USERVER_NAMESPACE_BEGIN
 
namespace storages::postgres {
 
/// @page pg_user_row_types uPg: Typed PostgreSQL results
///
/// The ResultSet provides access to a generic PostgreSQL result buffer wrapper
/// with access to individual column buffers and means to parse the buffers into
/// a certain type.
///
/// For a user that wishes to get the results in a form of a sequence or a
/// container of C++ tuples or structures, the driver provides a way to coerce
/// the generic result set into a typed result set or a container of tuples or
/// structures that fulfill certain conditions.
///
/// TypedResultSet provides container interface for typed result rows for
/// iteration or random access without converting all the result set at once.
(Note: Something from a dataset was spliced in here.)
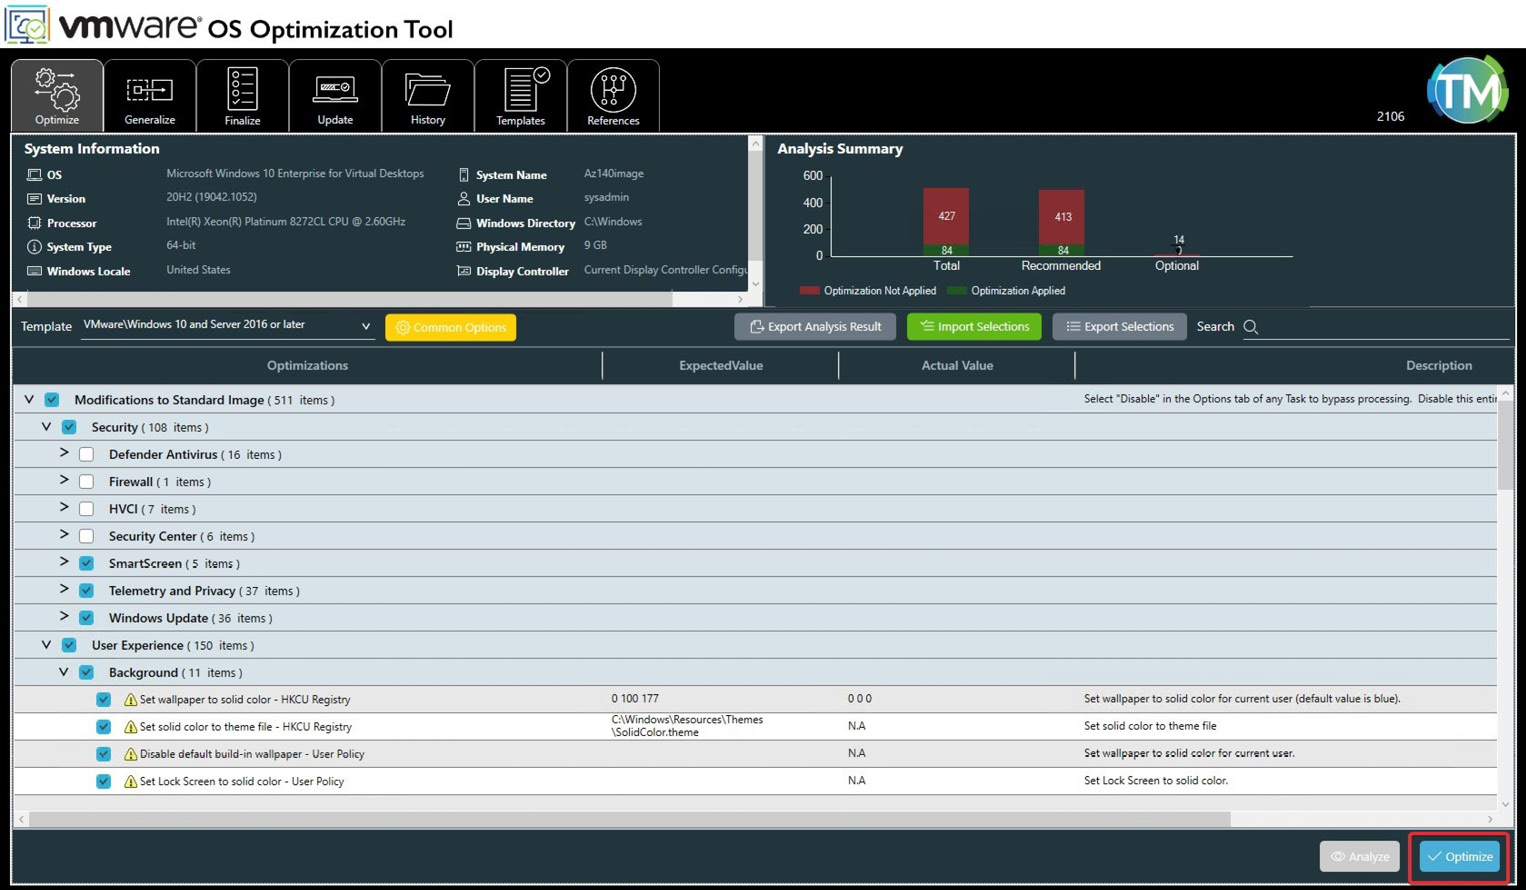 Figure 9.13 – The Analyze page of the VMware OS Optimization Tool
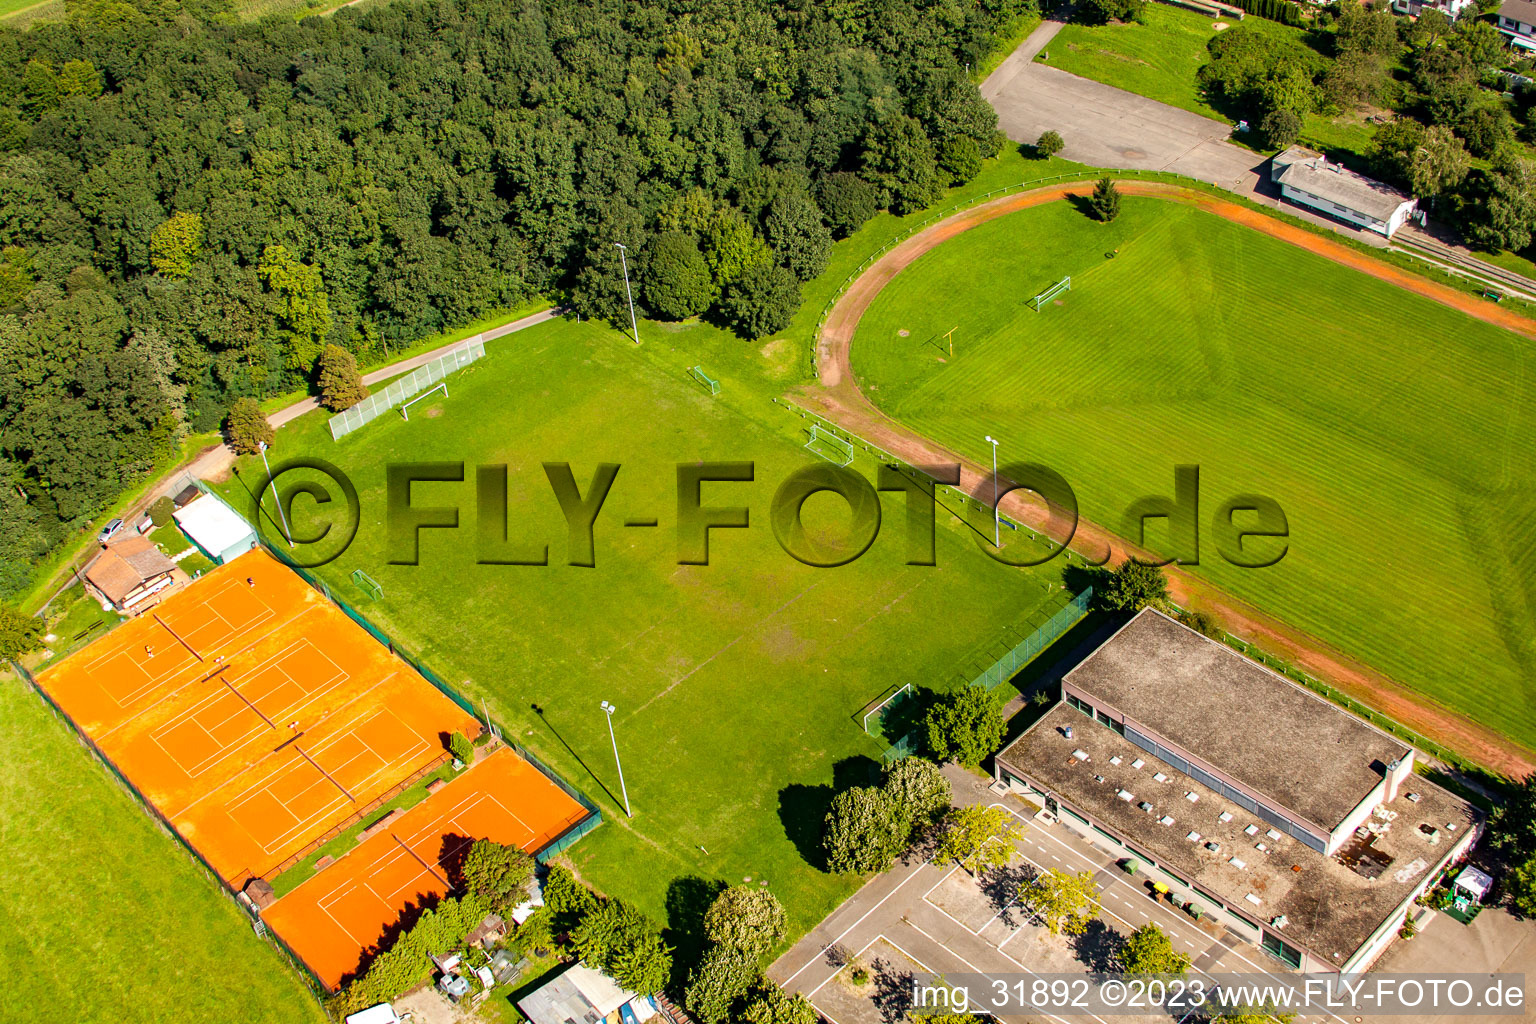 Aerial photograpy of Football club 1919 Rauental in the district Rauental in Rastatt in the state Baden-Wuerttemberg, Germany

/// The iterators in the TypedResultSet satisfy requirements for a constant
/// RandomAccessIterator with the exception of dereferencing iterators.
///
/// @warning The operator* of the iterators returns value (not a reference to
/// it) and the iterators don't have the operator->.
///
/// @par Data row extraction
///
/// The data rows can be obtained as:
///   - std::tuple;
///   - aggregate class as is;
///   - non-aggregate class with some augmentation.
///
/// Data members of the tuple or the classes must be supported by the driver.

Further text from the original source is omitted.